Cambodia, China, India, Japan, Korea, Malaysia, Pakistan, the Philippine Islands, Thailand, and Vietnam. Reference: FDA 2005 Guidance for Industry - Collection of Race and Ethnicity Data in Clinical Trials.

CKD is generally defined as kidney damage for at least 3 months, as defined by structural or functional abnormalities of the kidney, with or without decreased GFR; or GFR <60 mL/min/1 73m2 for at least 3 months, with or without kidney damage.

DKD is a subset of CKD, wherein the patient has diabetes induced kidney injury and albuminuria.

Type 2 Diabetes, like CKD and DKD, is a well characterized disease and its diagnosis criteria are established by the World Health Organization.

The invention also relates to aleglitazar for use in the treatment or prevention of major adverse cardiac events in a Type 2 Diabetes patient of Asian ethnicity.

The invention relates in particular to aleglitazar for use as defined above wherein aleglitazar is for oral use at a dose of 150 ug once a day.

The invention further relates to:

The use of aleglitazar in the manufacture of a medicament for treating or preventing major adverse cardiac events in a Type 2 Diabetes patient having chronic kidney disease and dyslipidemia;

The use of aleglitazar in the manufacture of a medicament for treating or preventing major adverse cardiac events in a Type 2 Diabetes patient having a GFR inferior to 60 mF/min and a HDF-C level inferior to 40 mg/dF;

The use as defined above, wherein chronic kidney disease is diabetic kidney disease;

The use as defined above, wherein major adverse cardiac events are cardiovascular death, non-fatal myocardial infarction or non-fatal stroke; and

The use as defined above, wherein the patient is of Asian ethnicity. The invention also relates to the use of aleglitazar in the manufacture of a medicament for treating or preventing major adverse cardiac events in a Type 2 Diabetes patient of Asian ethnicity.

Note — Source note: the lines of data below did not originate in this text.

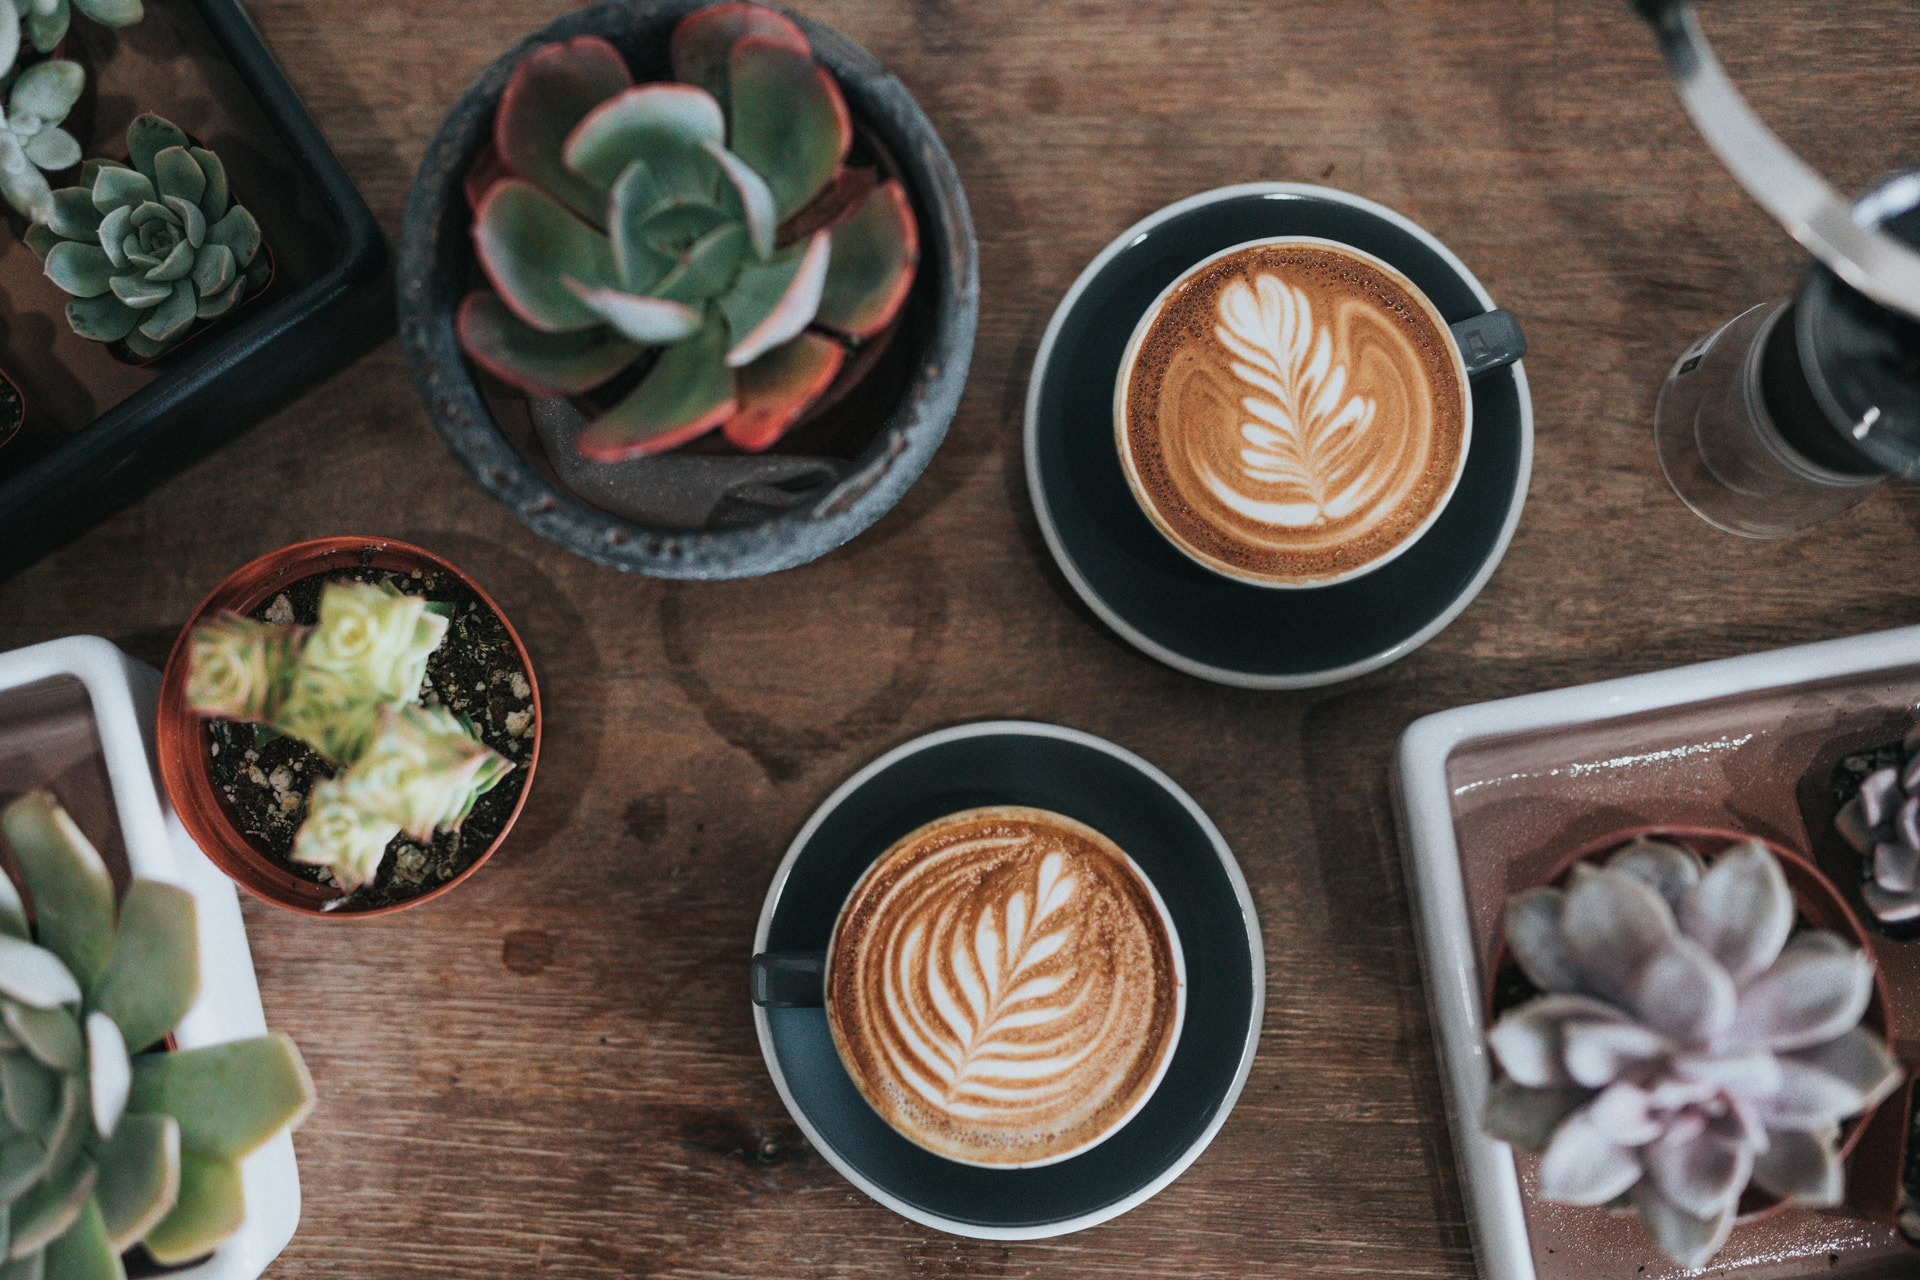 Coffee Shops image
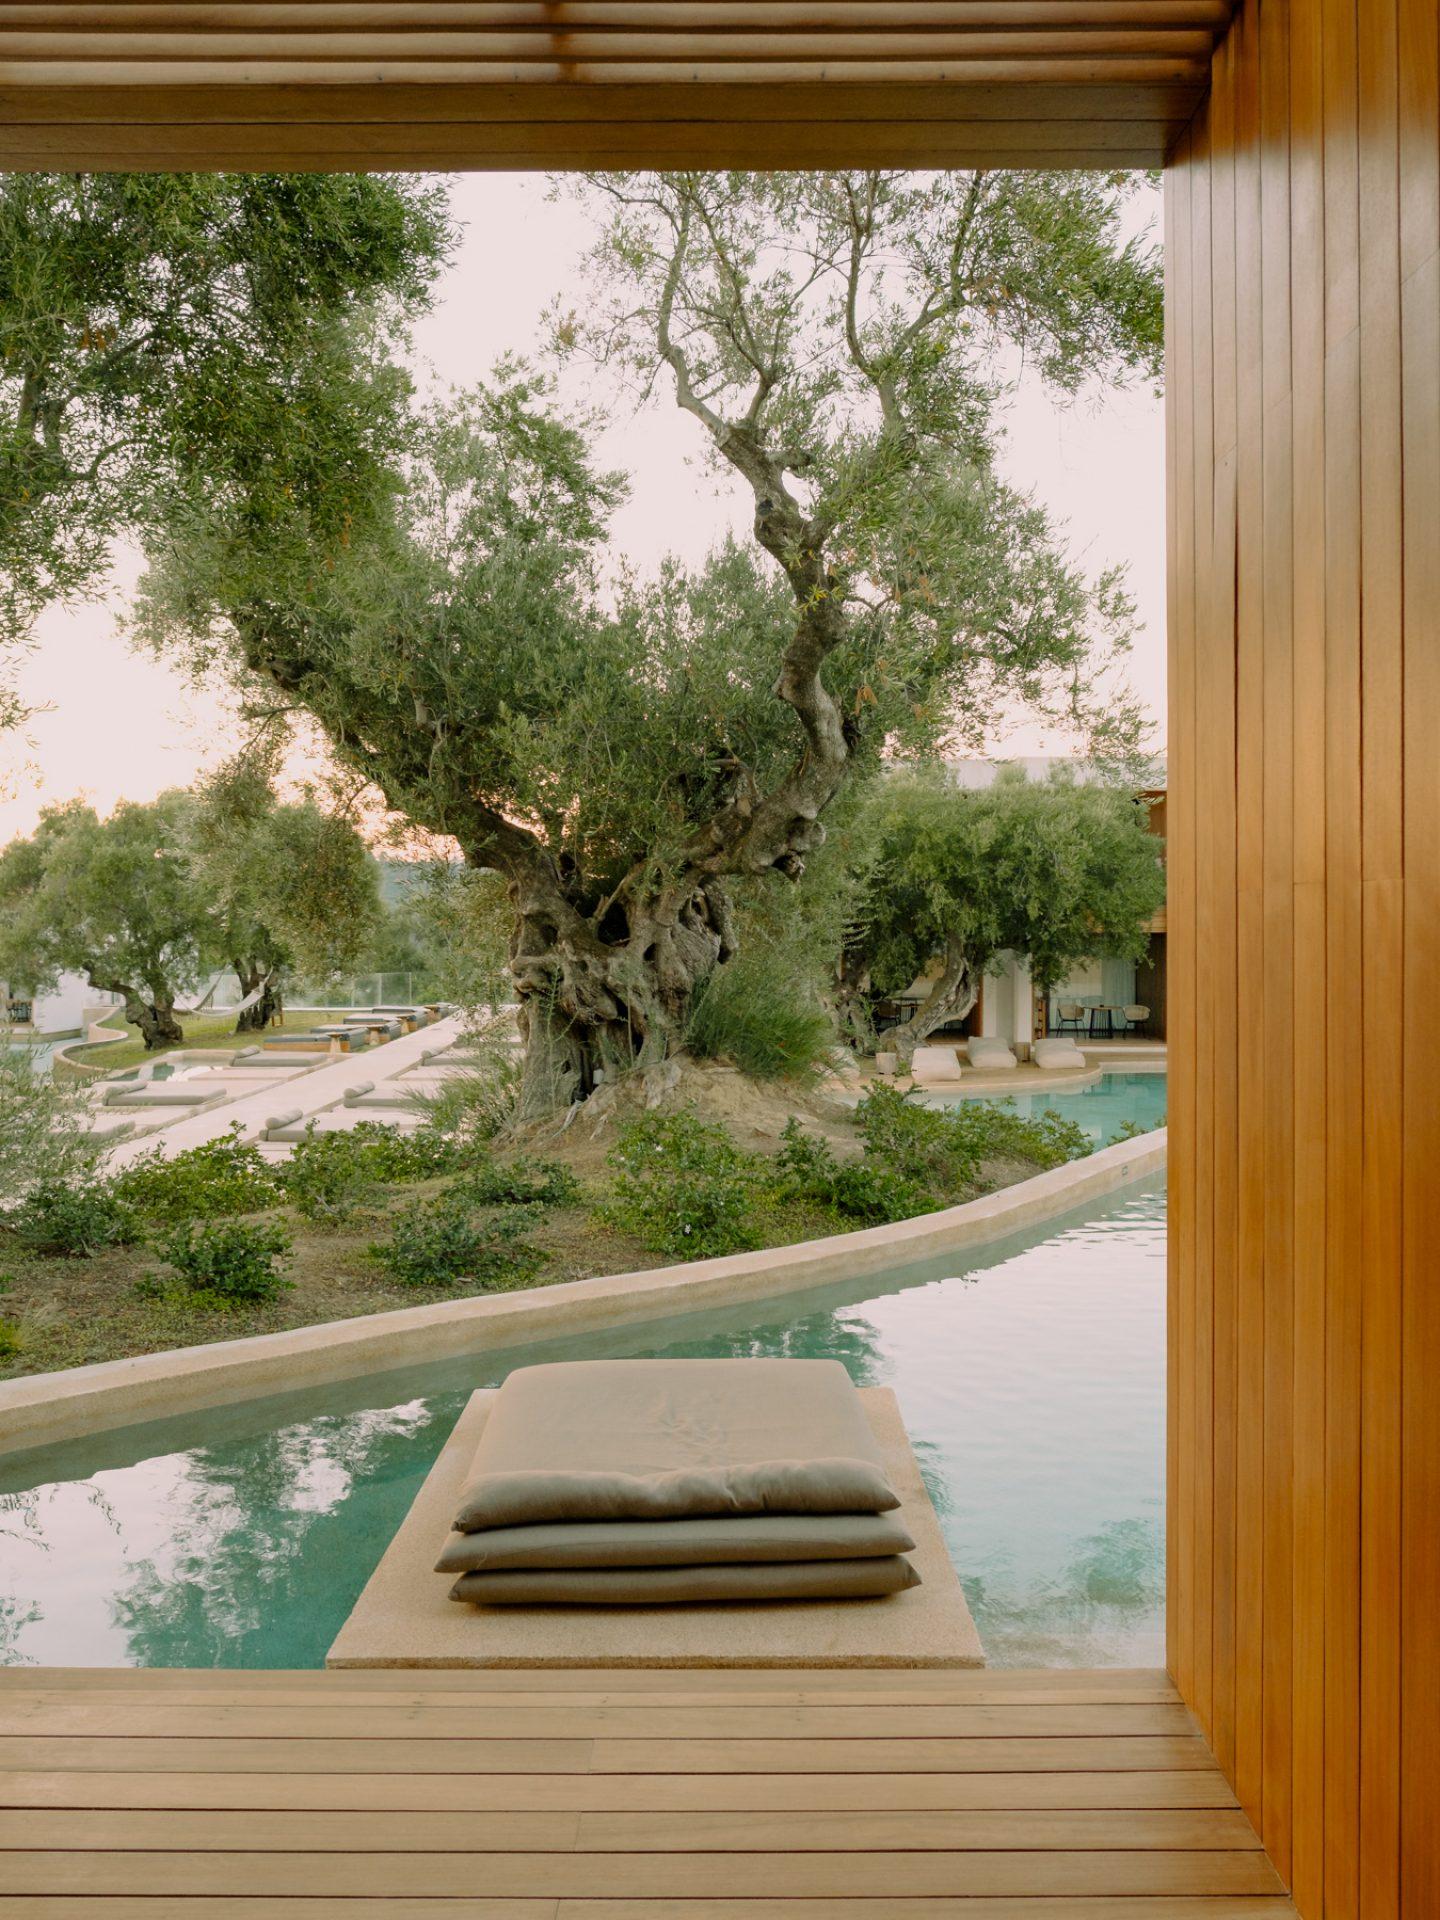 IGNANT-Travel-Olea-All-Suite-hotel-Greece-012
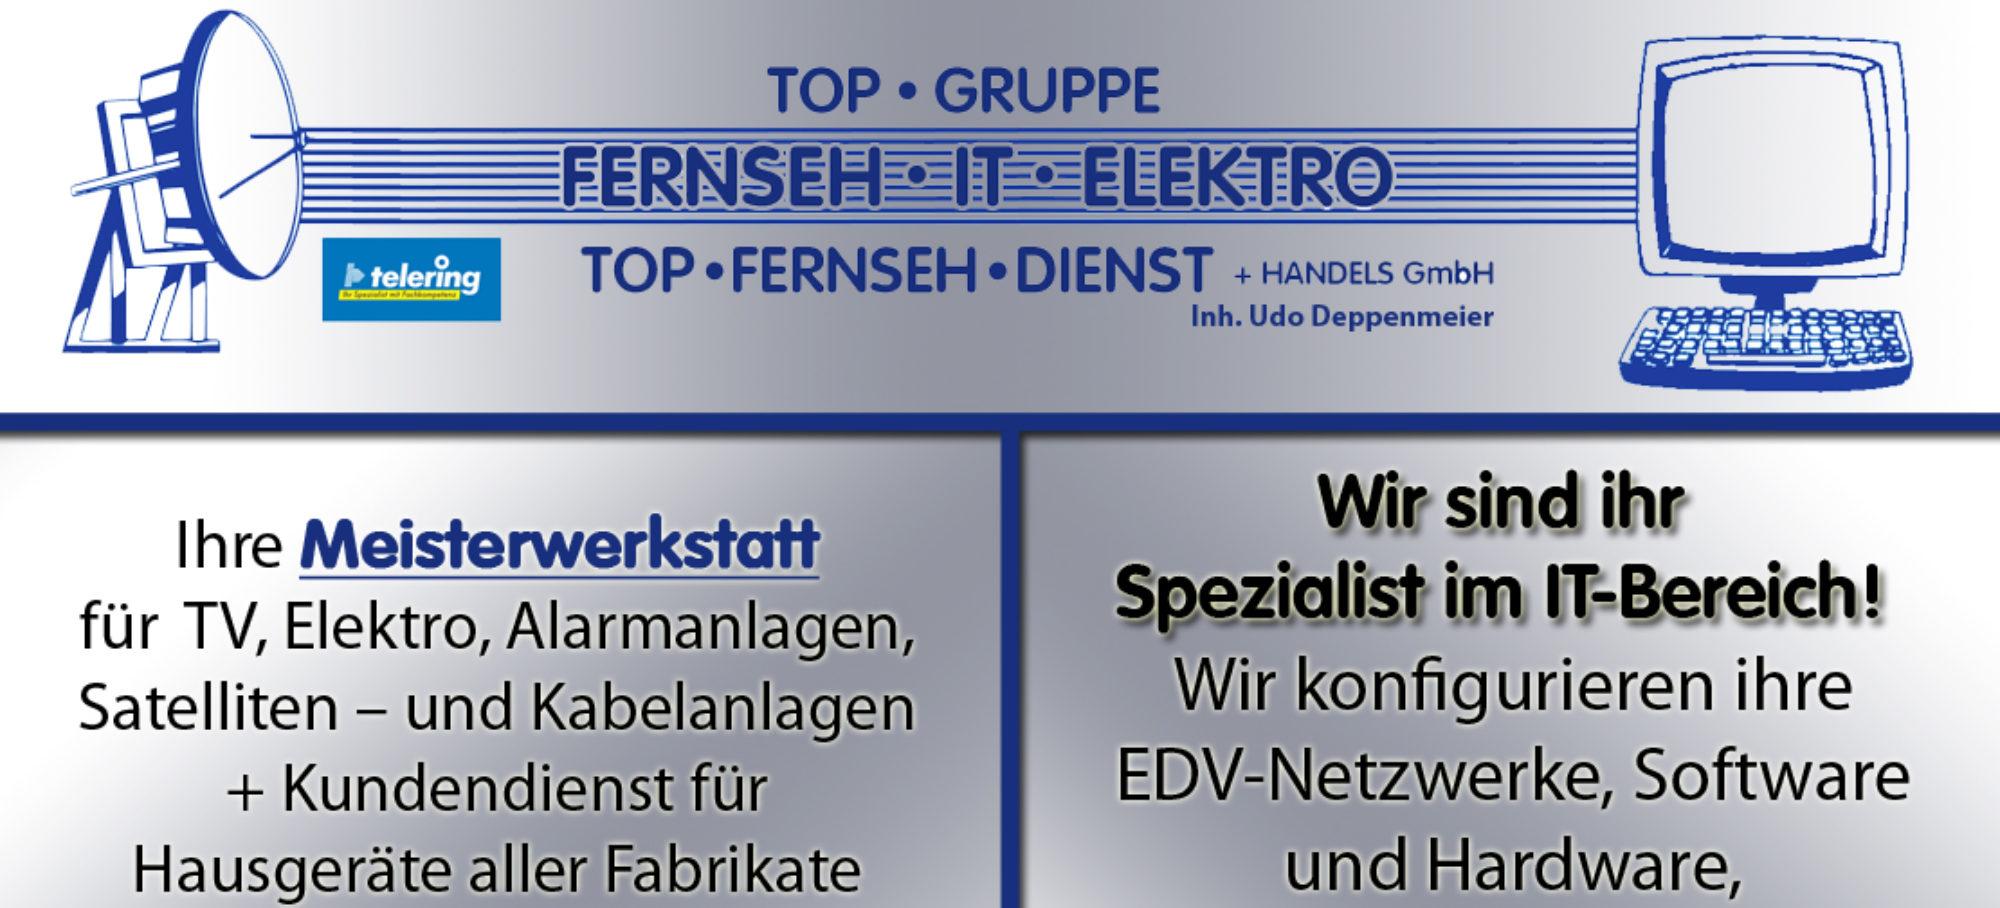 TOP-Gruppe

The invention relates in particular to a use as defined above wherein aleglitazar is for oral use at a dose of 150 ug once a day.

The invention further relates to:

A method for the treatment or prevention of major adverse cardiac events in a Type 2 Diabetes patient having chronic kidney disease and dyslipidemia comprising the administration of aleglitazar to a patient in need thereof; A method for the treatment or prevention of major adverse cardiac events in a Type

2 Diabetes patient having a GFR inferior to 60 mL/min and a HDL-C level inferior to 40 mg/dL comprising the administration of aleglitazar to a patient in need thereof;

A method as defined above, wherein chronic kidney disease is diabetic kidney disease; A method as defined above, wherein major adverse cardiac events are cardiovascular death, non-fatal myocardial infarction or non-fatal stroke; and

A method as defined above, wherein the patient is of Asian ethnicity.

The invention aslo relates to a method for the treatment or prevention of major adverse cardiac events in a Type 2 Diabetes patient of Asian ethnicity comprising the administration of aleglitazar to a patient in need thereof.

The invention relates in particular to method as defined above wherein aleglitazar is orally administered at a dose of 150 ug once a day.

In the present invention, the patient can in particular be a patient suffering from acute coronary syndrome.